Meanwhile, experts were monitoring how high and how far the rocket traveled to compare the measures to those of previous tests of what the world believes were attempts by the North Koreans to develop intercontinental ballistic missiles (ICBMs) in 2006 and 2009.
“The last test in 2009, the range was about [2,360 miles],” said Baek Seung-joo of the Korea Institute of Defense Analysis (KIDA). “When [North Korea] developed the Taepodong missile, it wanted a range of [4,160 miles]. To fit the category of an ICBM, the range should be at least [3,400 miles], so North Korea will assess success or failure based on range.”
The firing was part of commemorations to mark the 100th birthday of Kim Il-sung, who died in 1994. His grandson, Kim Jong-un, on Wednesday officially was named “first secretary” of the North Korean Workers Party; his father, Kim Jong-il, who died in December, remains “eternal general secretary” of the party.
The North’s rubber-stamp parliament, the Supreme People’s Assembly, was expected to convene Friday.
North Korea is now believed to have about six nuclear devices, though it has not yet managed to compress its fissile materials into a warhead.
“Although the U.S. does not recognize Pakistan as a nuclear state, Pakistan has secured a number of concessions from the U.S.,” said Mr.
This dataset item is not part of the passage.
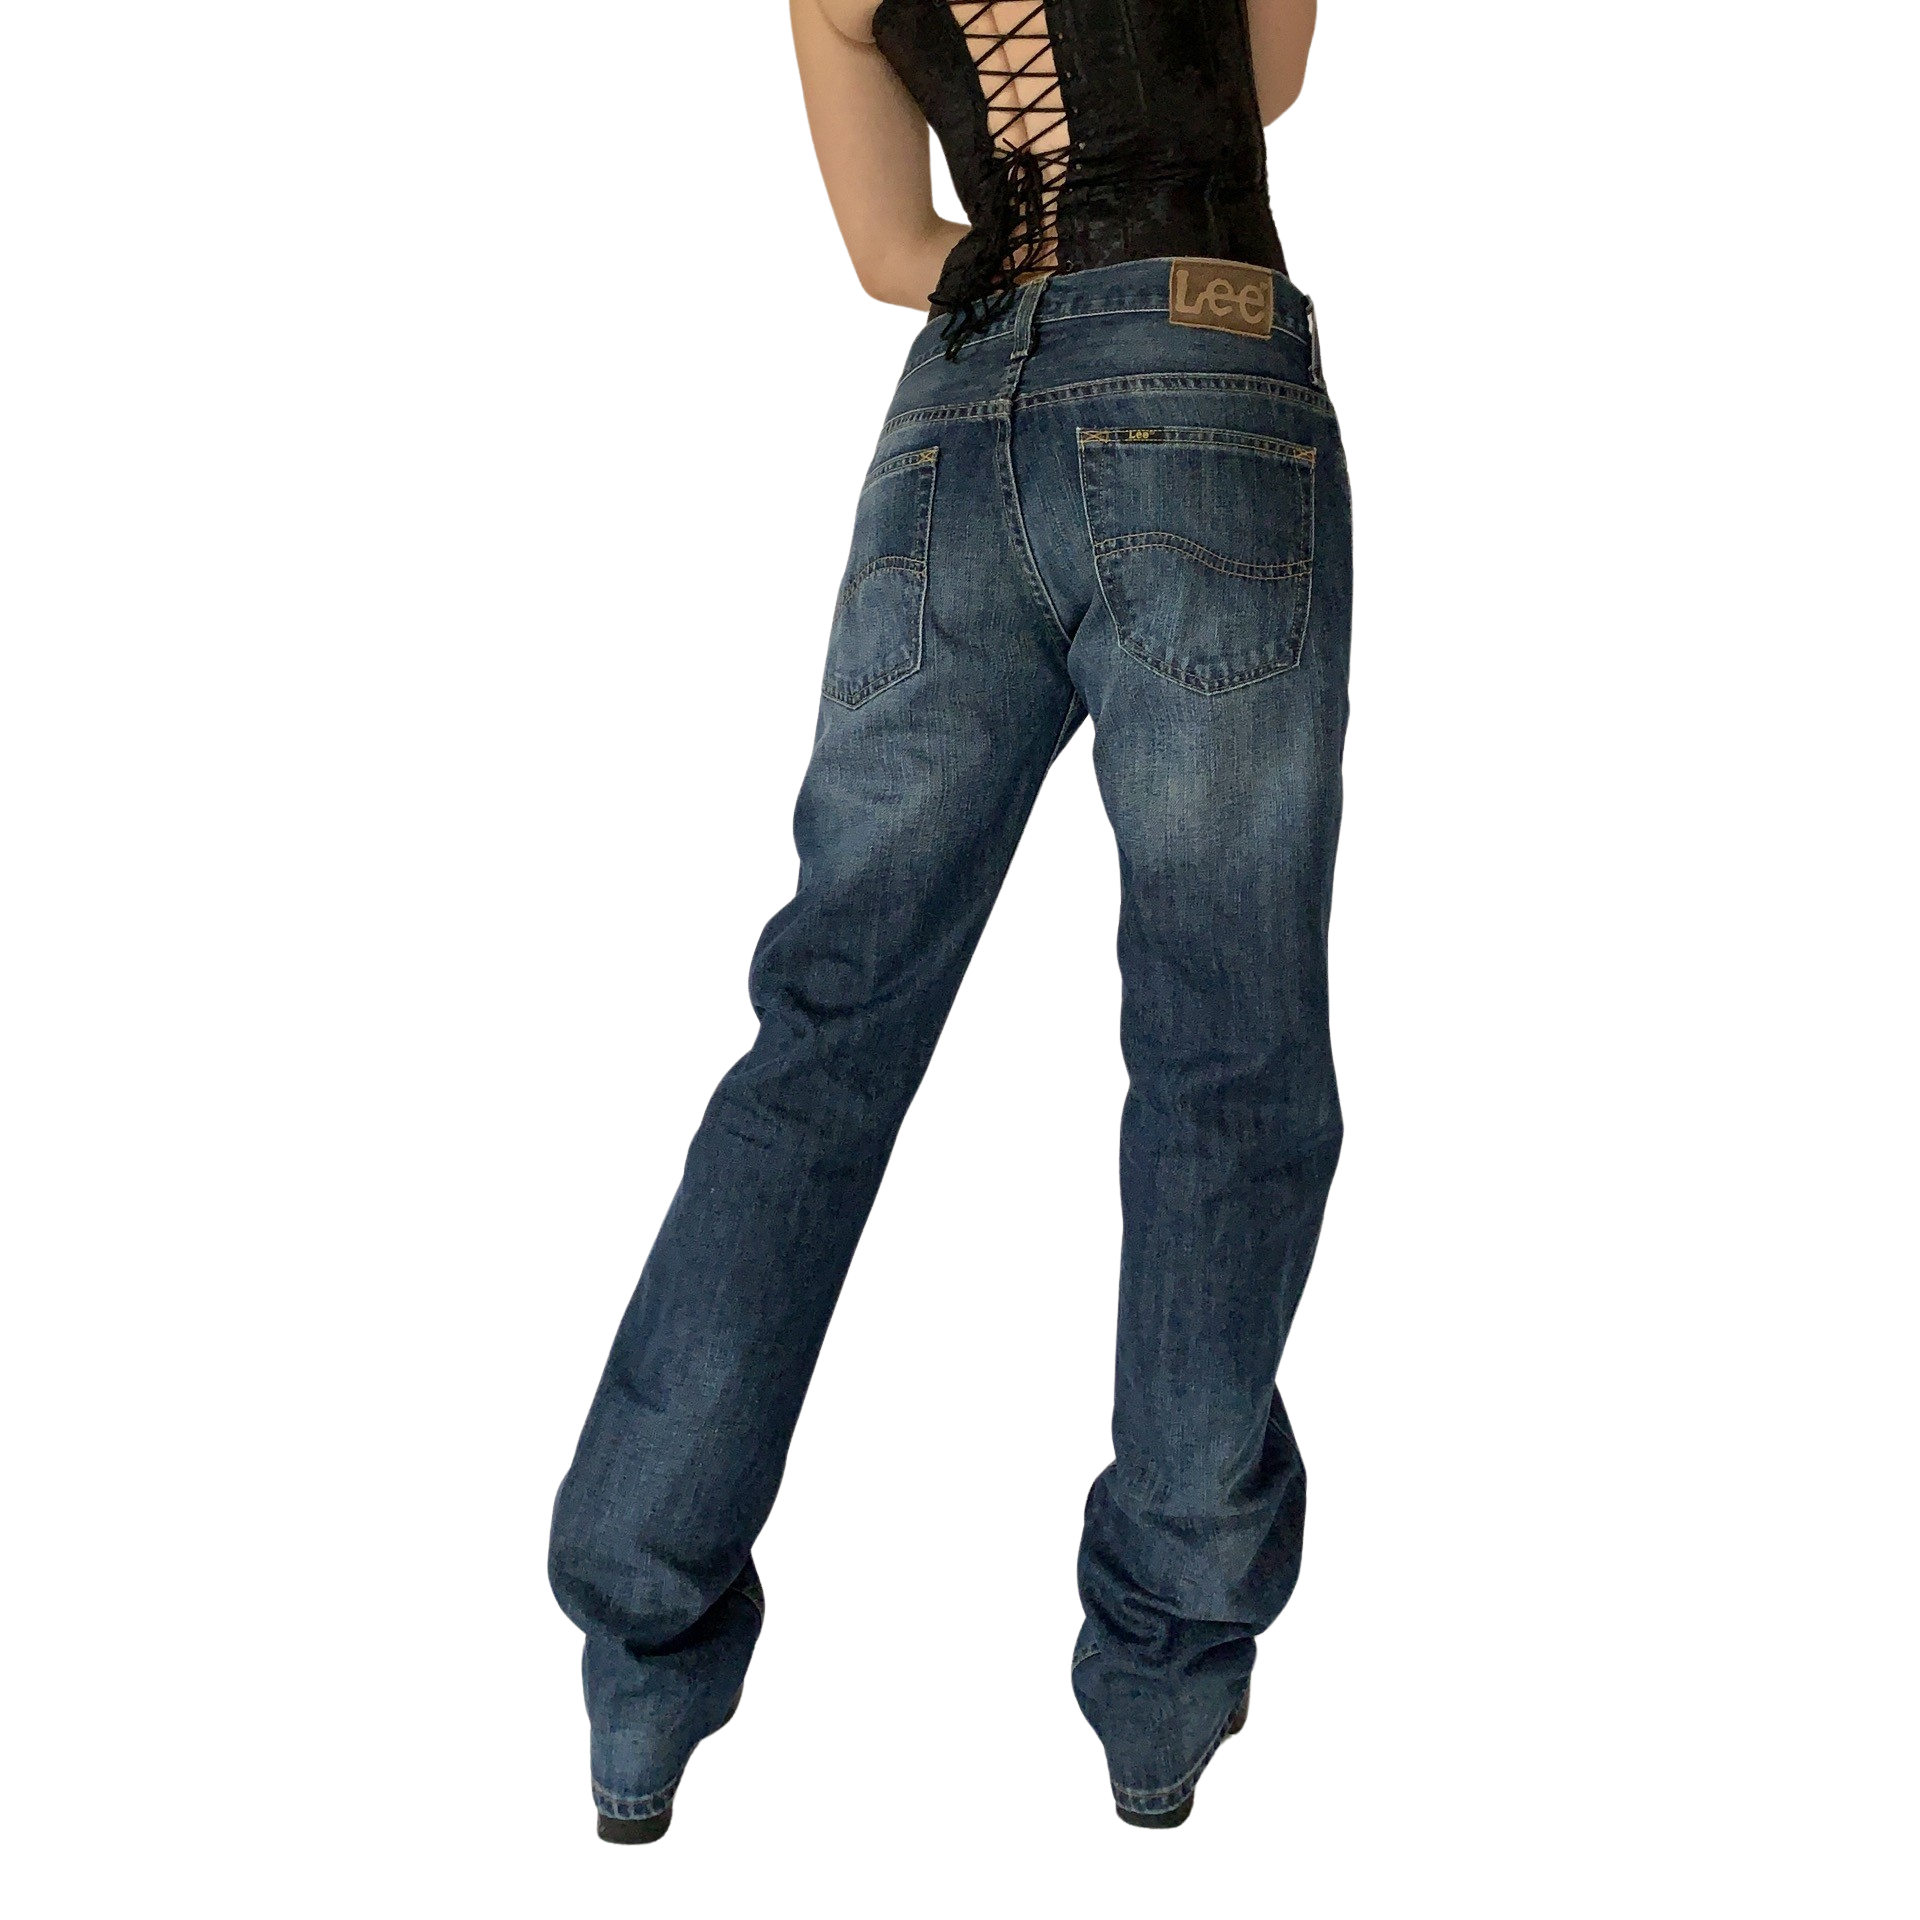 2000s Boyfriend Jeans (M)

Baek. “North Korea wants a similar pass. It is widely assumed for a nation to be a nuclear power it needs to conduct three [to] four nuclear tests. North Korean scholars show great interest in the Pakistan model.”
Other experts warned that North Korea will never give up its existing deterrent.
“They might be willing to freeze existing programs, but will keep a certain amount of nuclear devices — enough for the U.S. to pay attention to their demands, and to ensure that the U.S. does not attack them,” said Andrei Lankov, a North Korea expert at Seoul’s Kookmin University.